Qu’est-ce qu’une université devrait vraiment être ? Il est temps d’examiner de manière critique les notions dominantes de l’enseignement supérieur, en remettant en question son but et sa conception actuels. Cette analyse révèle un paysage où le potentiel profond des institutions est souvent sous-exploité, éclipsé par des tendances contemporaines qui s’écartent de leurs responsabilités fondamentales.
Le parcours commence par remettre en question les fondements mêmes du savoir, en explorant comment notre compréhension façonne l’effort éducatif. On soutient que l’enseignement supérieur porte une responsabilité importante dans le développement futur de la société, un devoir qui dépasse largement les limites des murs académiques. Les universités possèdent des réservoirs de connaissances profonds et étendus, mais elles doivent devenir plus habiles à exploiter ces ressources afin de relever les grands défis auxquels le monde est confronté aujourd’hui.
Une transformation radicale est nécessaire, guidée par quinze principes fondamentaux. Parmi ceux-ci, un accent crucial est mis sur la promotion de la force et de l’indépendance dans la pensée et l’action chez les étudiants. L’éducation ne doit pas simplement être une préparation aux premières années d’un emploi spécifique, mais un processus de « Bildung » tout au long de la vie - l’auto-formation et la croissance personnelle qui préparent les individus à une vie professionnelle évolutive et à une citoyenneté active.
En effet, l’imagination doit être défendue, et l’enseignement doit principalement servir à éveiller la curiosité et la soif de savoir de l’élève.
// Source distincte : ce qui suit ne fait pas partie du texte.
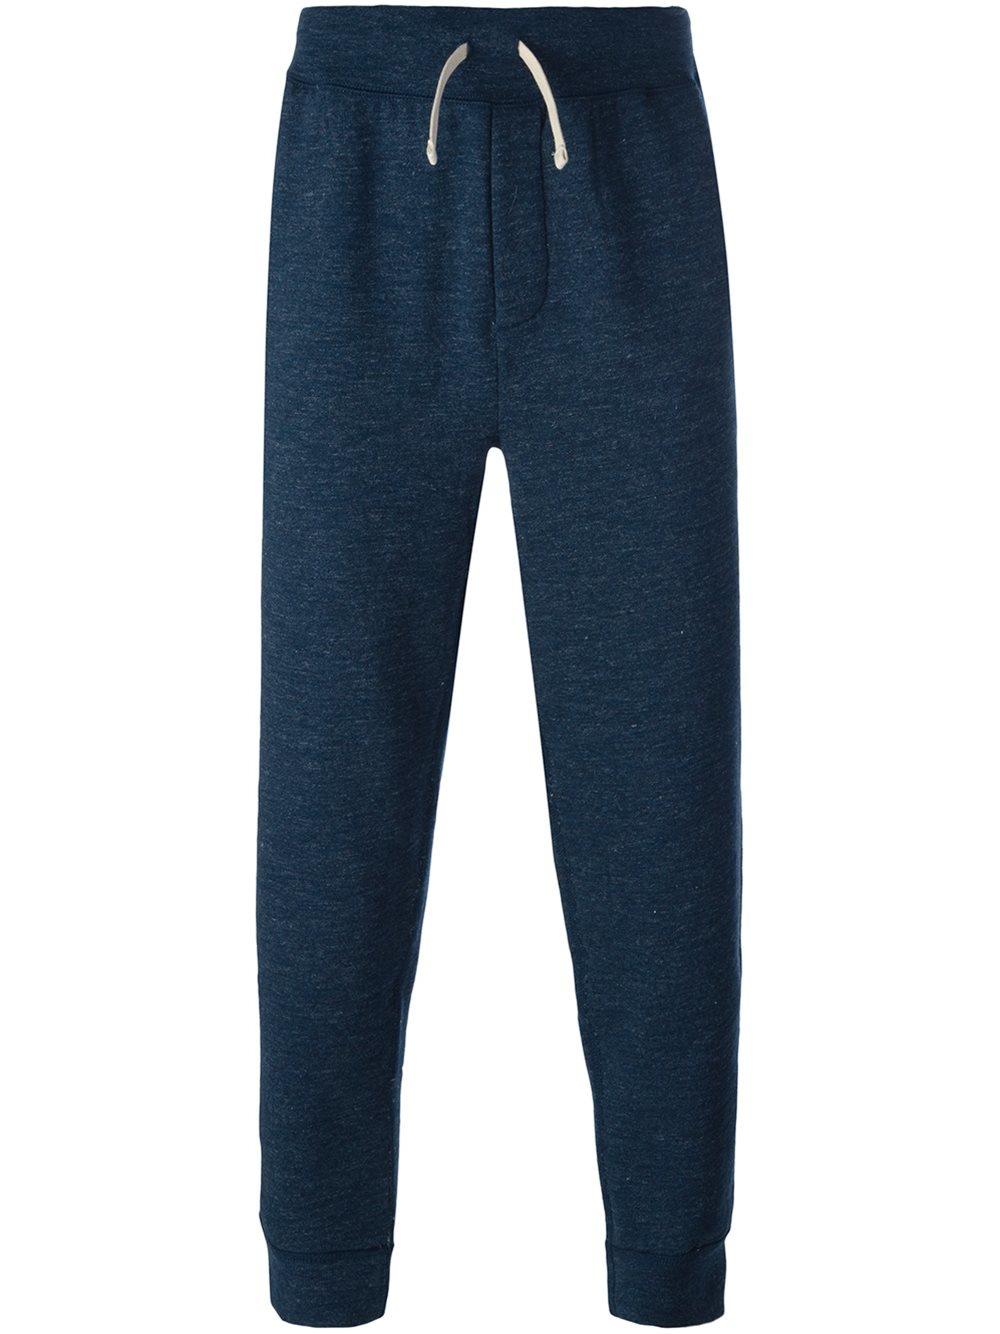 Polo Ralph Lauren Drawstring Track Pants in Blue for Men - Lyst ca0a7edb5f1
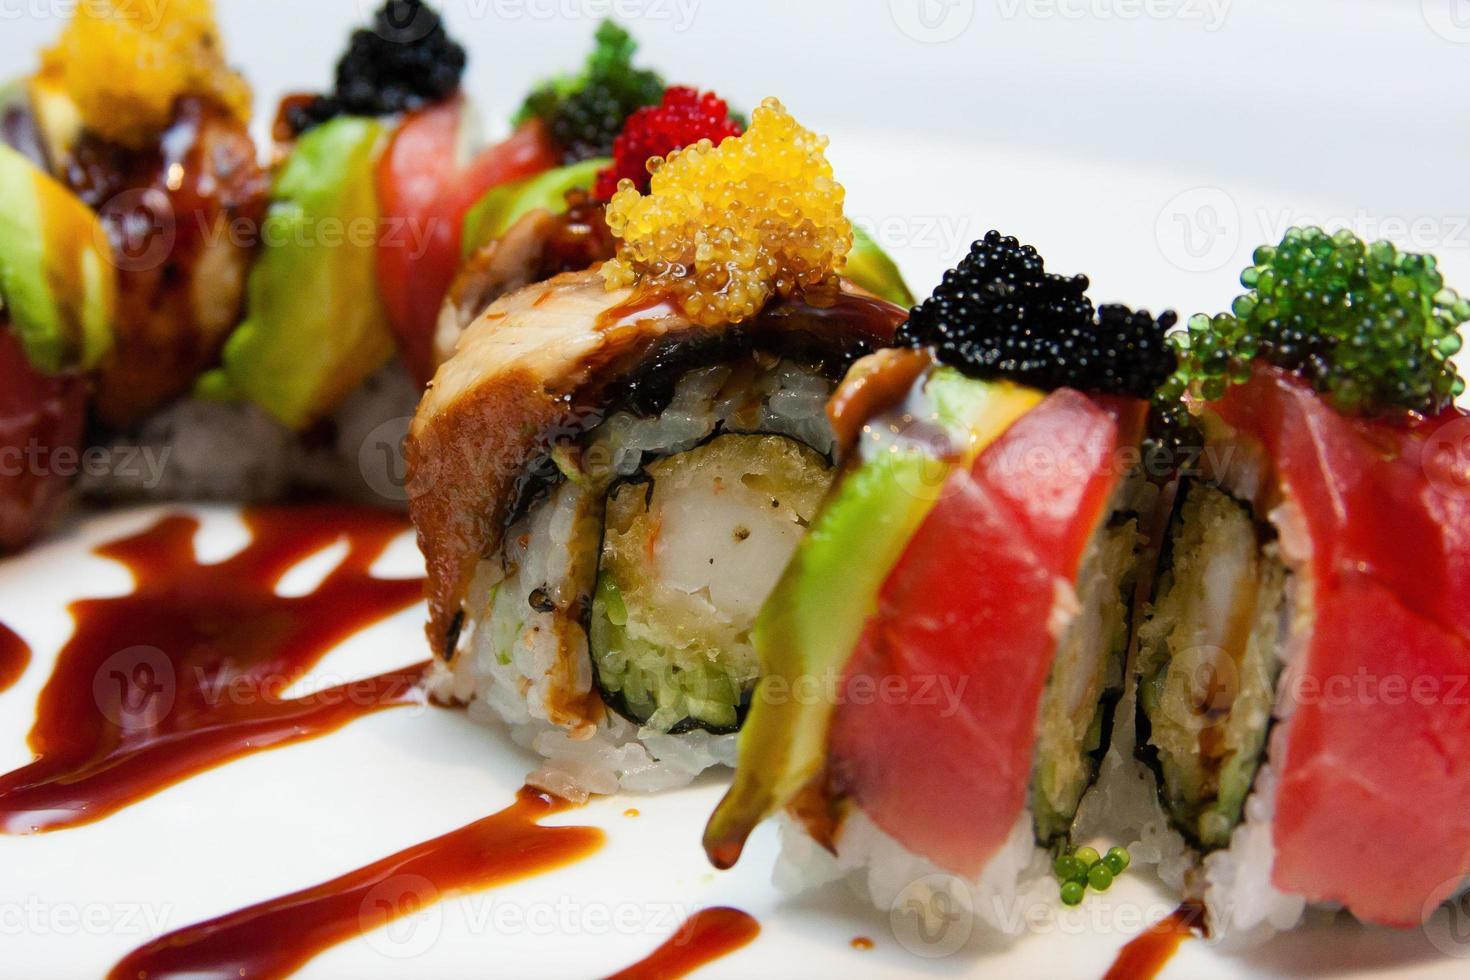 rollo de sushi de cerca foto

L’idée de l’université en tant qu’entreprise, des étudiants comme clients, et de la concurrence comme principale force motrice est fermement rejetée. Au contraire, les institutions doivent incarner la confiance envers leur personnel professionnel et privilégier les besoins de l’éducation au détriment des exigences administratives lors de l’allocation des ressources.
La discussion s’étend au concept vital d’autonomie académique, explorant sa relation complexe avec l’État, l’institution, les enseignants, les étudiants et le monde au sens large. La véritable autonomie n’est pas présentée comme une liberté isolée, mais comme une condition nécessaire à la défense de la vérité, à la promotion d’une recherche solide et à la préservation assidue d’un riche patrimoine de connaissances.
En fin de compte, un appel est lancé pour un système d’enseignement supérieur qui embrasse une plus grande diversité tout en maintenant des objectifs communs et une structure cohérente. Elle doit viser le progrès académique, formatif et professionnel chez chaque étudiant, en reconnaissant que la société d’aujourd’hui et de demain exige l’accès à une gamme riche et diversifiée d’opportunités d’enseignement supérieur, disponibles de façon récurrente tout au long de la vie d’un individu.